[extropy-chat] time, age

scerir scerir at libero.it
Fri Dec 19 14:12:55 UTC 2003


Someone wrote about biological ageing and physical time(s)
http://www.phys.uu.nl/~wwwgrnsl/jos/publications/aging.htm

The arguments (above) seem, perhaps, interesting, but there
are still, in this III millennium, many problems in defining
a more proper 'time', at the quantum level 
http://philsci-archive.pitt.edu/archive/00000368/
http://math.ucr.edu/home/baez/uncertainty.html
http://www.damtp.cam.ac.uk/user/jono/thesis.html
http://www.arxiv.org/abs/quant-ph/9906030
http://www.arxiv.org/abs/quant-ph/0110004
http://www.arxiv.org/abs/quant-ph/0211047
http://ilja-schmelzer.de/GET/timeIsham.html

"Another claim which frequently appears in the literature
is the following: If dt is the duration of the measurement
of an energy, the result is uncertain by DE >/= 1/2 hbar/dt.
This claim is absurd. It is analogous to saying that if we
measure a momentum with an apparatus of size dx, the momentum
uncertainty is Dp >/= 1/2 hbar/dx. This is manifestly wrong:
a mundane radio receiver whose size is only a few centimeters
can determine the wavelength of a radio station with an accuracy
Dlambda/lambda << 1. In other words, it measures the momentum
of the photons emitted by that station with an accuracy
            Dp << hbar/lambda << hbar/dx.
Still another claim [....] is that the time (registered by
a clock) at which an energy is measured with an accuracy
DE, is uncertain by at least hbar/DE. This already sounds
better, because we have defined a clock-time operator T_c,
and we can therefore investigate the possible existence of
an uncertainty relation between DT_c and DH. However there is
no reason to expect that there actually is such an uncertainty
relation, because the operator T_c refers to the clock, and
the operator H to the observed system. These two operators
commute, and quantum theory allows us, in principle, to
measure both of them simultaneously with arbitrary accuracy.
                      [short snip]
These issues were not understood in the early days of quantum
theory.

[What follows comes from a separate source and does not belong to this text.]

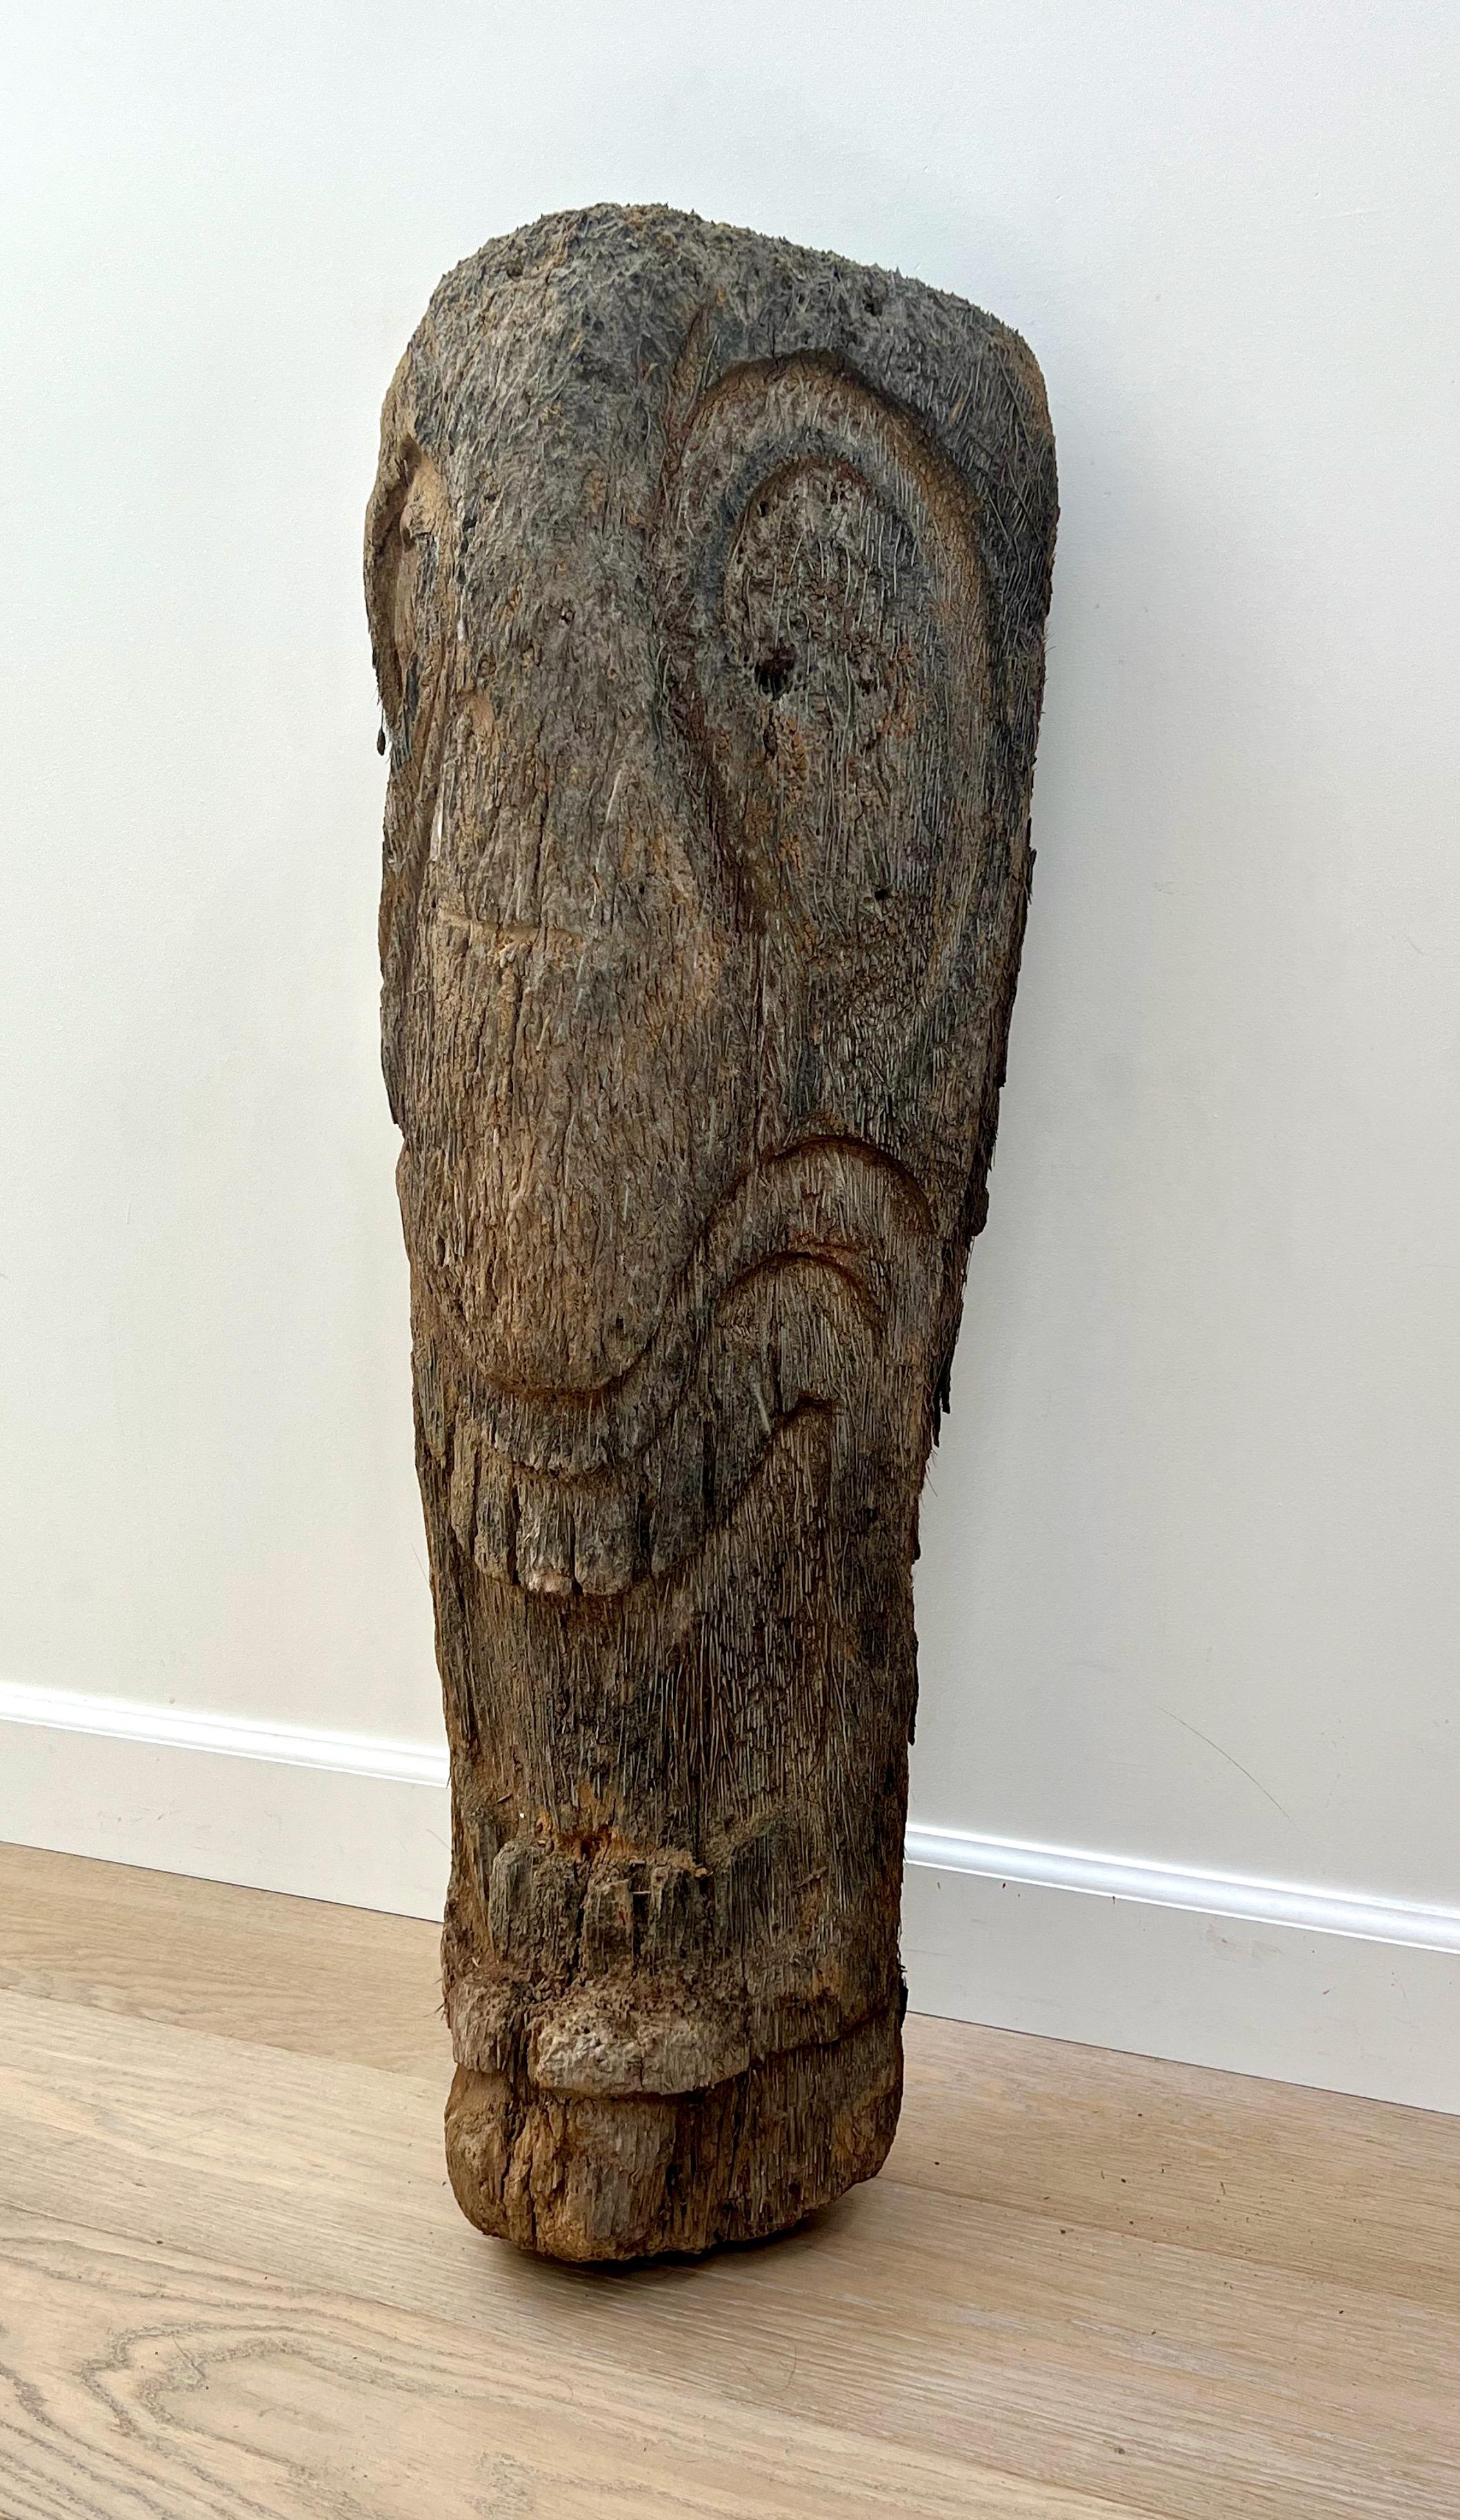 Vintage Tiki-Kopf-Skulptur aus Palmenholz. Ein fesselndes Stück, das zeitlosen tropischen Charme ausstrahlt. Mit seinen Wurzeln in der Tiki-Kultur aus der Mitte des 20. Jahrhunderts ist dieses Stück eine nostalgische Erinnerung an die exotische und

It is only at much later stage that they were throughly
analyzed by Aharonov and Bohm, who came to the conclusion that
<there is no reason inherent in the principles of quantum theory
why the energy of a system cannot be measured in as short a time
as we please>." 

- Asher Peres, 'Quantum Theory: Concepts and Methods', Kluwer,
Academic P., 1998, page 414-etc.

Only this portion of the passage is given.